DH: I get pleasure out of it, but pleasure in a different way. Informational pleasure.

Whoa, what? What the hell kind of Cole Hamels shit is this? And really? Could it just be that, like most of us, Daryl Hall simply has no time for The Onion these days? (The real news is now fake enough, thank you.) In any case, we might all owe Daryl Hall an even greater debt than we know: While we were all grooving to “Fall In Philadelphia,” “Rich Girl” and “I Can’t Go For That,” poor ol’ Daryl was suffering and putting on a brave face, dreaming of what he’d be doing the second he got off stage: Restoring a Georgian-style home in London, England, first built in 1740, one of only 50 houses with direct waterfront access to the River Thames. Truth be told, yeah, fair enough: That is kind of better than playing “Method Of Modern Love” one more time.

7 Responses to “Daryl Hall: “I Never Enjoyed Music””

  1. ResIpsaLoquitur Says:

    This may be the saddest thing I’ve read in months.

  2. lord_whimsy Says:

    In a way, I now have more respect for the man: he’s a classicist, not a romantic.

    He has great taste in restorations, too. Georgian: the thinking man’s Victorian.

  3. conorcorcoran Says:

    True artists are, effectively, day laborers. Flashes in the pan are for the MTV generation and readers of Philadelphia Magazine. Someone once said imagination without skill gives you modern art. Much the same can be said about musicians and their work.

    It’s like the difference between the Yankees and the Phillies. Hype versus competence. I can’t believe I just made a sports metaphor. My inner Chomsky is slowly dying.

  4. Allan Smithee Says:

    @conorcorcoran

    “Skill without imagination is craftsmanship and gives us many useful objects such as wickerwork picnic baskets. Imagination without skill gives us modern art.”
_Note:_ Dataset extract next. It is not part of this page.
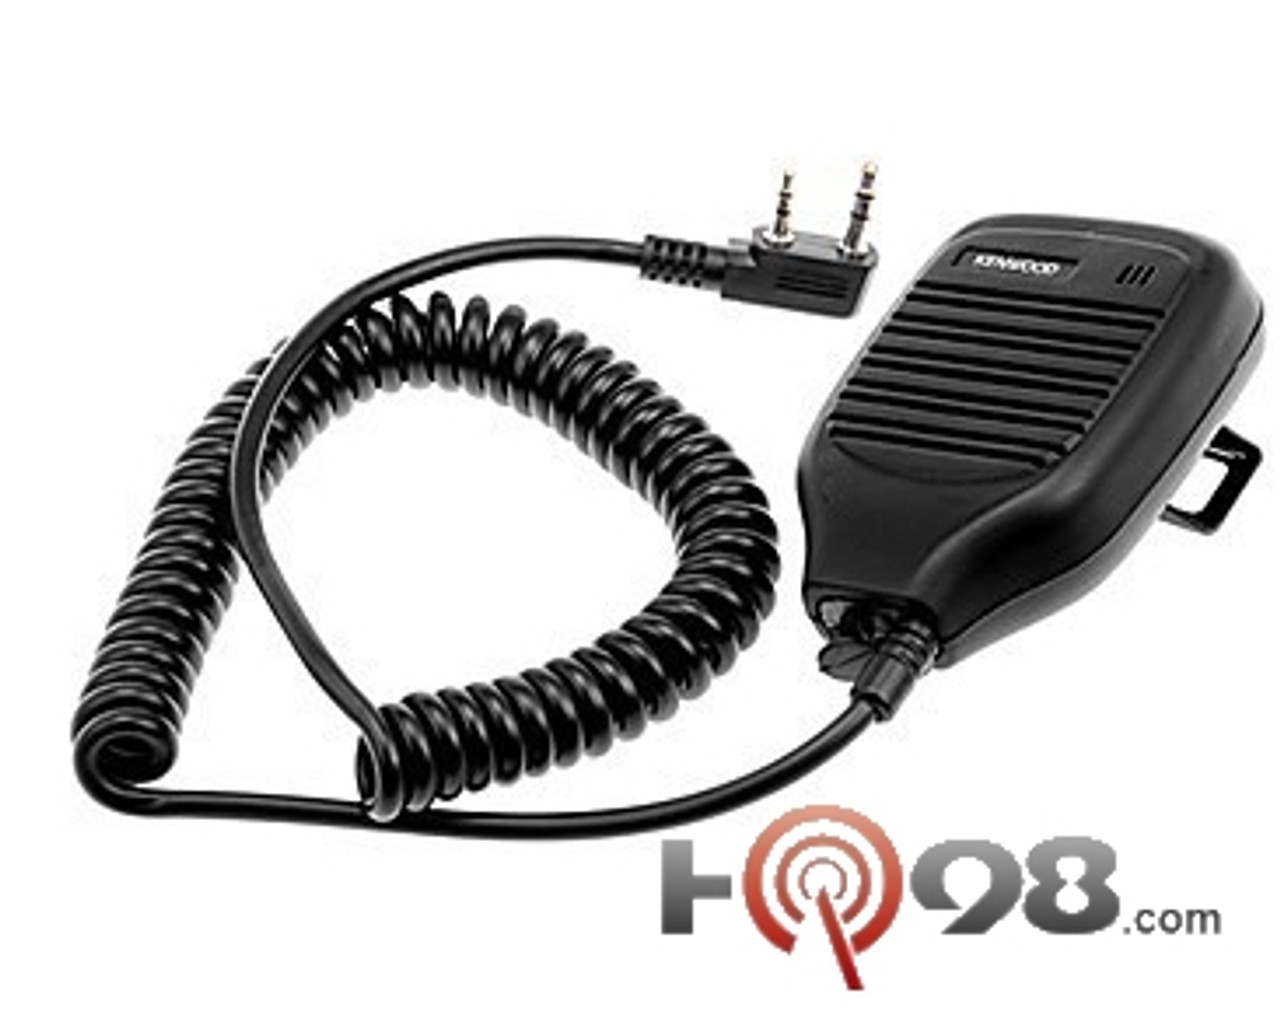 Kenwood ProTalk KMC21 Speaker Microphone for TK series radios business
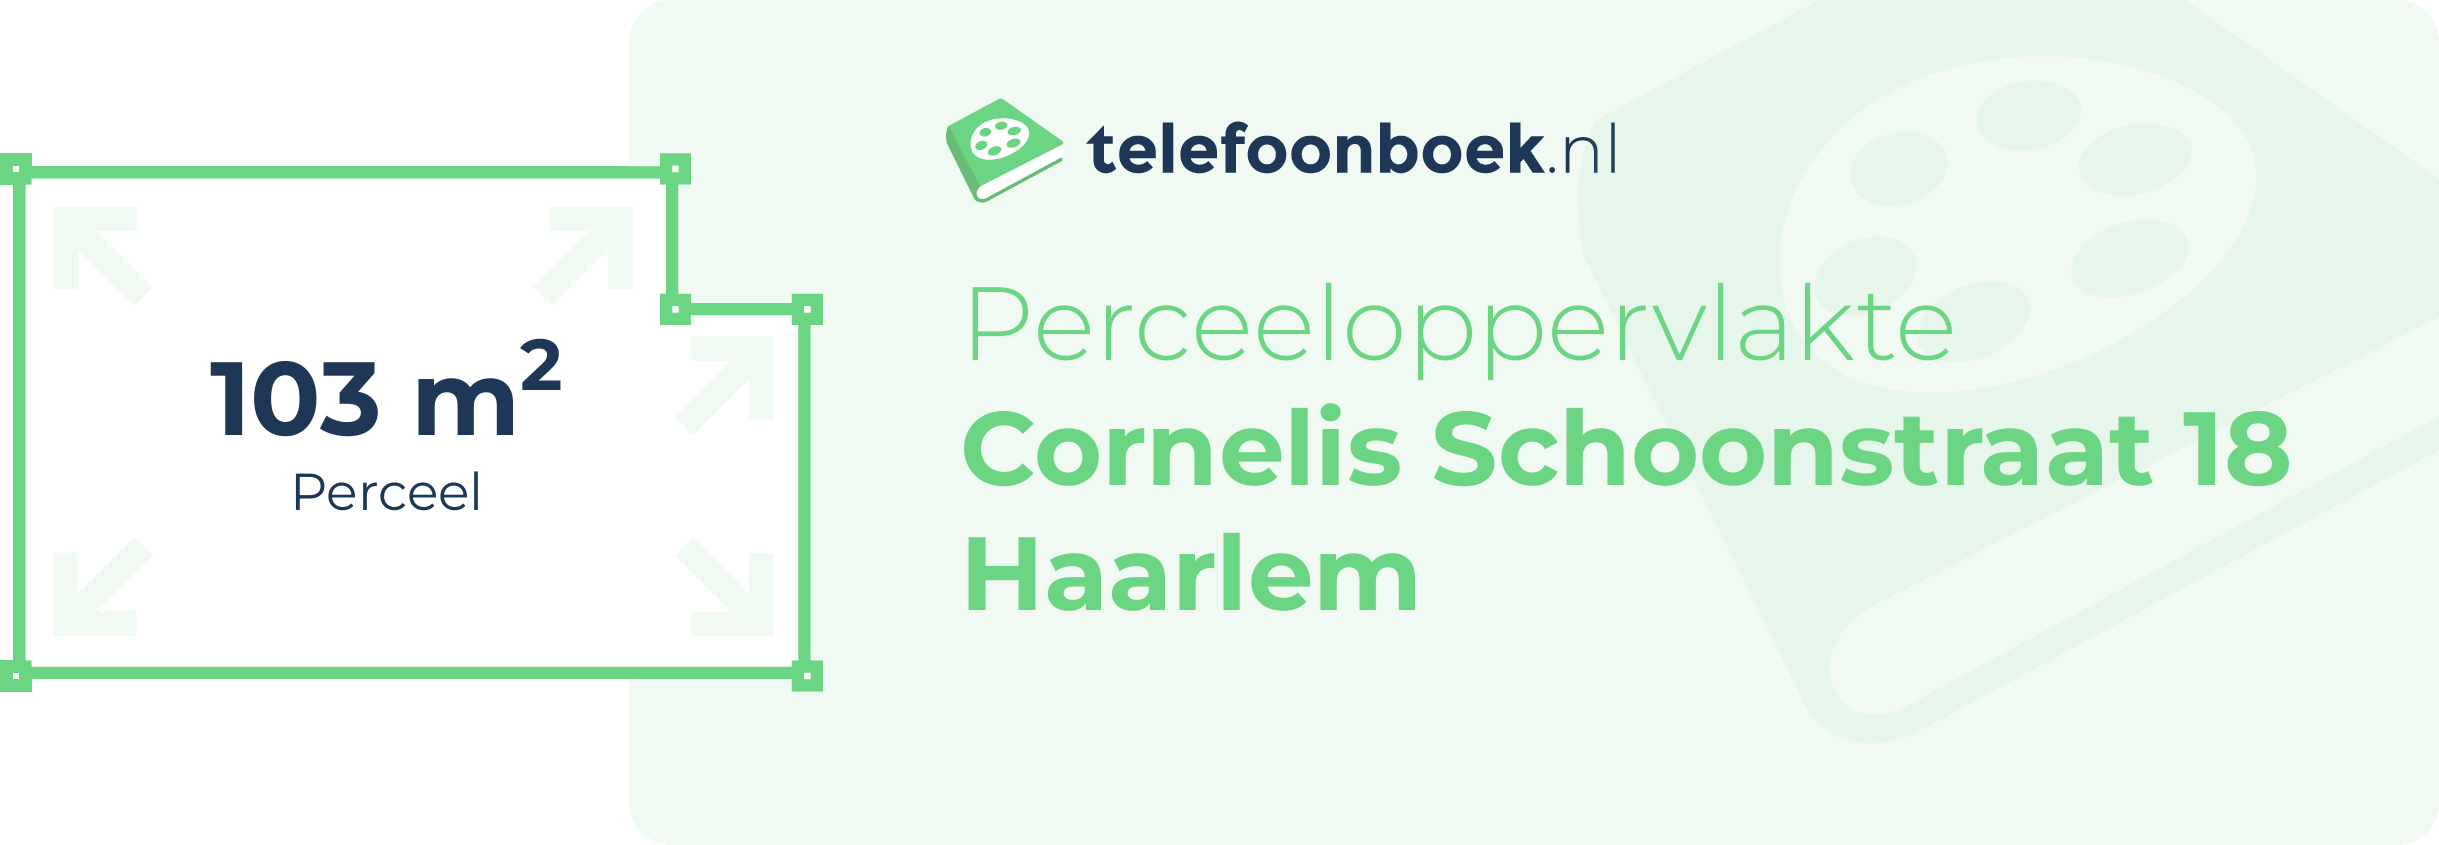 Perceeloppervlakte Cornelis Schoonstraat 18 Haarlem

    Tom Stoppard, “Artist Descending a Staircase”
    British dramatist & screenwriter (1937 – )

  5. ademarco Says:

    WTF? It’s the Onion and it isn’t fake news? Or is it? Or is the real news so fake now that I can no longer tell the difference? Or maybe it isn’t Hall and Oates being interviewed at all but it’s Glenn Beck’s evil little appendix fucking with us all. Hall doesn’t enjoy making music? He’d rather spend his time restoring old houses? I think it’s Beck’s evil appendix doing the talking.

    I do like this statement from the interview:

    “We were very fortunate. We came up in an era where the record companies allowed us to make the music we wanted to make, and then they found a way of marketing it and selling it, which is 180 degrees from what happens today in the business. We were very conscious of making albums with substance. Every song needed to have some redeeming quality, or else we basically didn’t put it on the record. So it wasn’t about making a few hits and filling out the album with quickies; that wasn’t the way we approached things. The albums were thought of as a piece of work, and the singles that emerged from those albums were the songs radio gravitated to. Many times, we allowed radio to pick the singles. We would just put the whole album out there, and the record company would mull it over, and they’d run it by various radio people, and they would say, “That’s the one, let’s go with that.” We were very much not involved with the picking of the singles.”

    I miss that at one time an album was considered a piece of work in itself—a collection of songs with a cohesive message or a reflection of the craft and art of an artist at a given time.

  6. schmoe Says:

    So it turns out Yacht Rock was a work of fiction?

  7. John Lightstone Says:

    Onion AV Club is non-fake entertainment reporting. Actually has some of the better music and film reviews on the web.